ARM Outs Their New IP lineup for 2024

CPUs, GPUs, interconnects, and more

ARM LogoLast week ARM unveiled their new IP that will be featured in the devices consumers buy in 2025. SemiAccurate took a long look at the offerings and likes what they see.

The headline news is the new naming which may sound deep but it is basically the same old same old with a new coat of paint. What was TCS is now CSS! Yes, Total Compute Solution is now Compute SubSystems for Client. What’s the difference? The name really but the changes from the 2023 layout to the 2024 layout are quite significant. How significant? 10 cores, 14 GPU cores, big caches, and more.

ARM CSS for Client table

TCS is Now CSS

Lets start out with the new cores, the Cortex-X925 is the obvious successor to the X4 because X5 is far too obvious and Blackhawk is just a cool code name. Cortex-A725 is a mildly tarted up A720 and the A520 is, umm, on a new 3nm node now. Actually all of CSS is implemented on TSMC 3nm in 2024. The DSU-120 now has 16MB of L3 which should pay some significant power and performance dividends if it is fully implemented as will the CoreLink interconnect with a similar 16MB of system cache.

Just looking at the spec list for CSS you can see the ‘recommended’ device for high end phones and the like is a 10 core SoC with 14 GPU cores but this time around things go from one to two biggerer cores, and yes we meant that misspelling. This is a pretty direct indication of where ARM sees the market going and we agree. That said three tiers of cores is a bit silly but it will likely take a few more years for them to come fully around to sanity. All three tiers support the V9.2 architecture as you would expect.

On the GPU side, a ‘mere’ 14 cores are recommended this year which is well within the scope of last years GPU structures. If that is too limiting, you can go up to 24 cores this time around, a 50% increase from the previous cap of 16. Likewise caches are up here too but more on that when we look closer at the architecture. So overall, bigger everything, more of everything, and moving up the ladder on everything too. Except Android which is officially still 13.

The Cores:

On the core front we will start off with the low end, the A520 ‘small’ core. Imagine taking the A520 from TCS23 and shrinking it to 3nm while cleaning up a little low hanging fruit for a claimed 15% energy savings.
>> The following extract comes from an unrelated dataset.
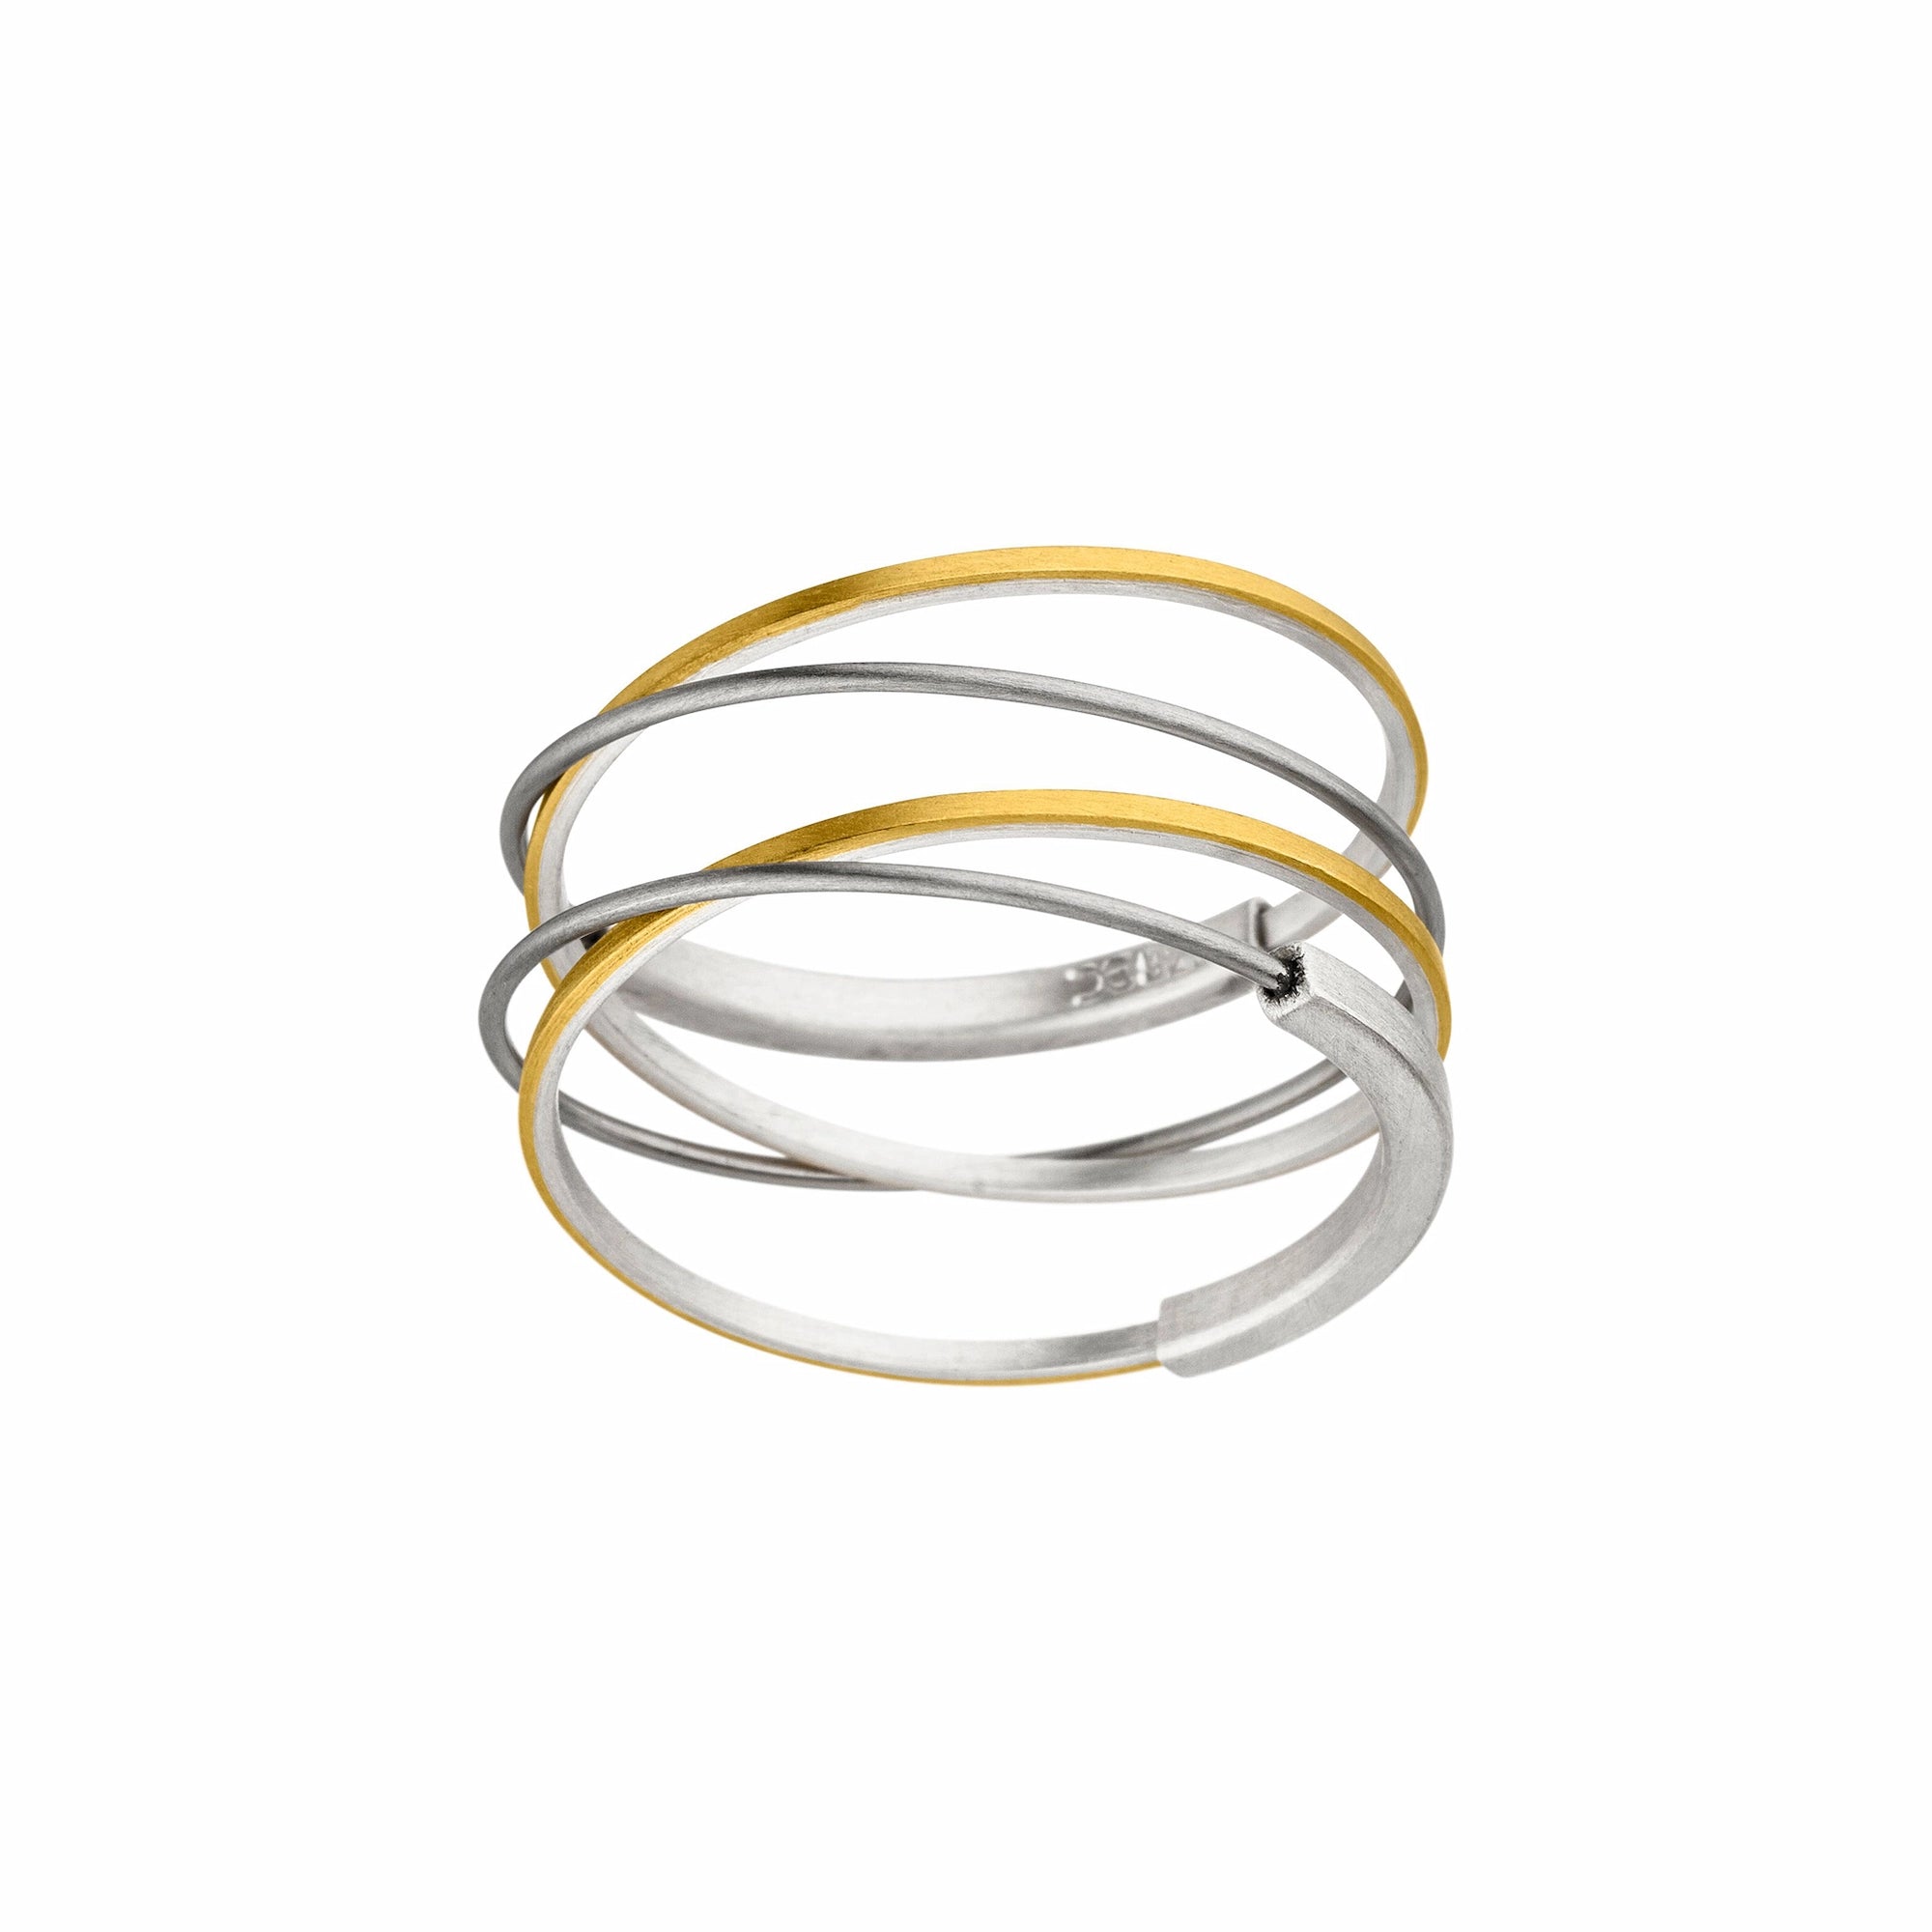 Ring aus Silber, Stahldraht und Goldauflage, der aus vier übereinander-liegenden, sich kreuzenden Stegen besteht

On the performance side the new A520… did we mention the power savings? Yes we did. Oh look, there is a big core over there.

So you want to know about the A725, the spiritual and actual successor to the A720. This new version can have up to 16MB of L3 per DSU cluster and up to 1MB of L2 per core. Given that caches are the one thing that almost every ARM partner tweaks, expect to see variants all over the map on these two specs.

Officially ARM nearly lost the plot with the A725 overview by starting it out with “Targeting AI/gaming use cases”. SIGH, make this plague go away. Otherwise the goals seem sane but, enough with the AI everything! Not because of AI the shrink to 3nm and the obligatory clean up from the A720 means you can have 2x the L2, 1MB now, with the same area as before. That is the most obvious change for the mid-core but there is an area optimized version if you need more. Or less. Or, well you understand, just pick the physical implementation that most fits your needs.

The list of updates is short and fairly low level but they do add up. The register file structures were enhanced, the re-order buffer is bigger, and the instruction queues are longer. As you might guess the cache enhancements feed into this, again pun intended, so the A725 should be able to make good use of the updates. None of these tweaks are visible from a high level overview so there was no block diagram this time around.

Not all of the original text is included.